The features associated with the KUMA Protocol represent a significant technological advancement for Real World Assets tokenization protocols as we know them today.


KUMA Protocol Overview

The KUMA Protocol is a decentralized protocol issuing interest-bearing tokens backed by regulated NFTs, themselves backed by Real World Assets (RWA). At start the KUMA Protocol could (depending on a vote from the vMIMO holders) accept regulated KUMA NFTs that are backed by a variety of real world assets, starting with sovereign bonds.

The KUMA Protocol and tokens have been designed to be more user-friendly than traditional assets.
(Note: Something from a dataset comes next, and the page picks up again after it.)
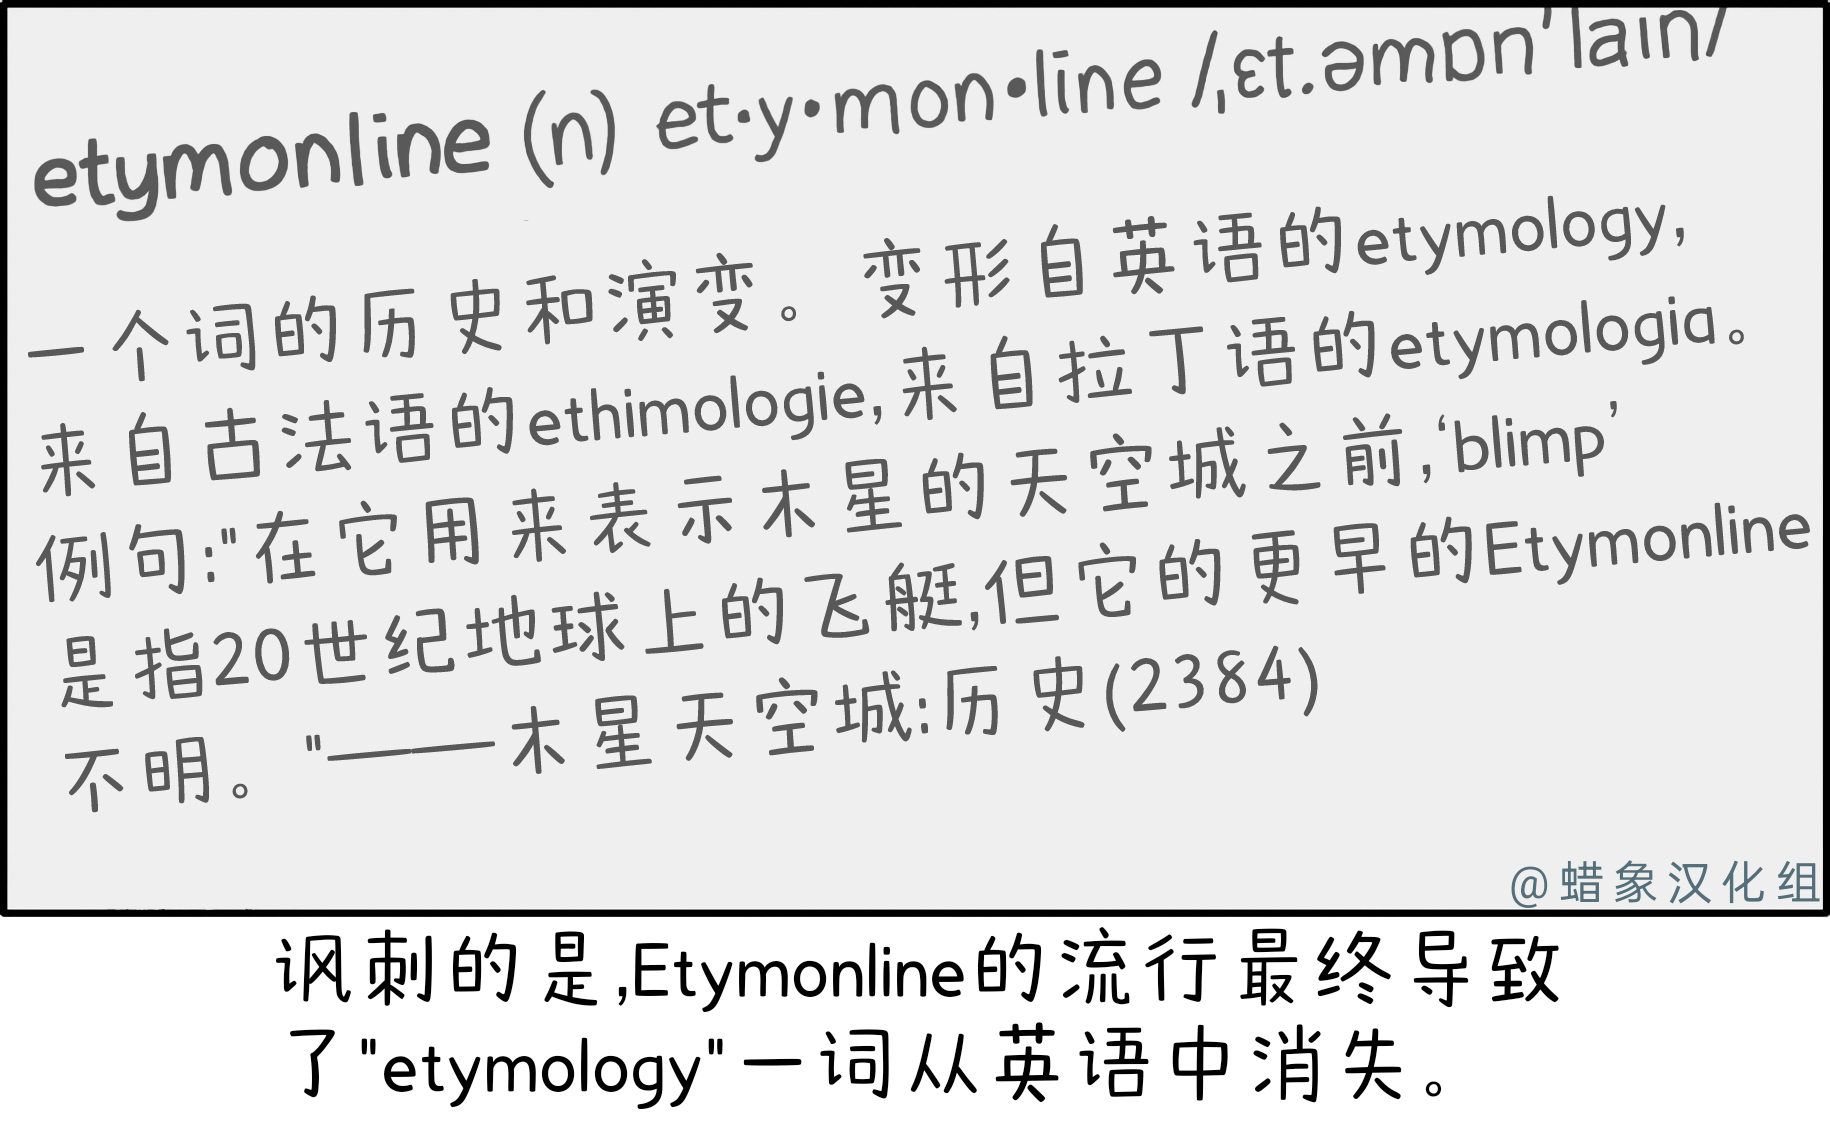 Etymonline

Unlike the latter, which can be difficult for business & retail investors to understand and access, the KUMA interest-bearing tokens (KIBT) can be easily bought and sold on decentralized applications, making them accessible to a broader range of users. Furthermore, because the KUMA Protocol uses blockchain technology, the entire process of issuing the tokens is audited, transparent and secure.

How does it work ?

The KUMA Protocol accepts to swap regulated NFTs backed by RWAs (soarting with bonds) in exchange of composable interest-bearing tokens (KIBT) based on the metadata of the NFT. A fixed number of KIBT will be minted with parameterised interest rates. The KIBT interest rate can be updated by having a user exchanging its regulated NFT from the same risk category, or when central bank rates change.

The KIBT (Kuma Interest Bearing Token) are ERC-20 stablecoins whose balance changes over time due to interest accrual. They can be used across the broader blockchain ecosystems such as DeFi, GameFi or NFT platforms.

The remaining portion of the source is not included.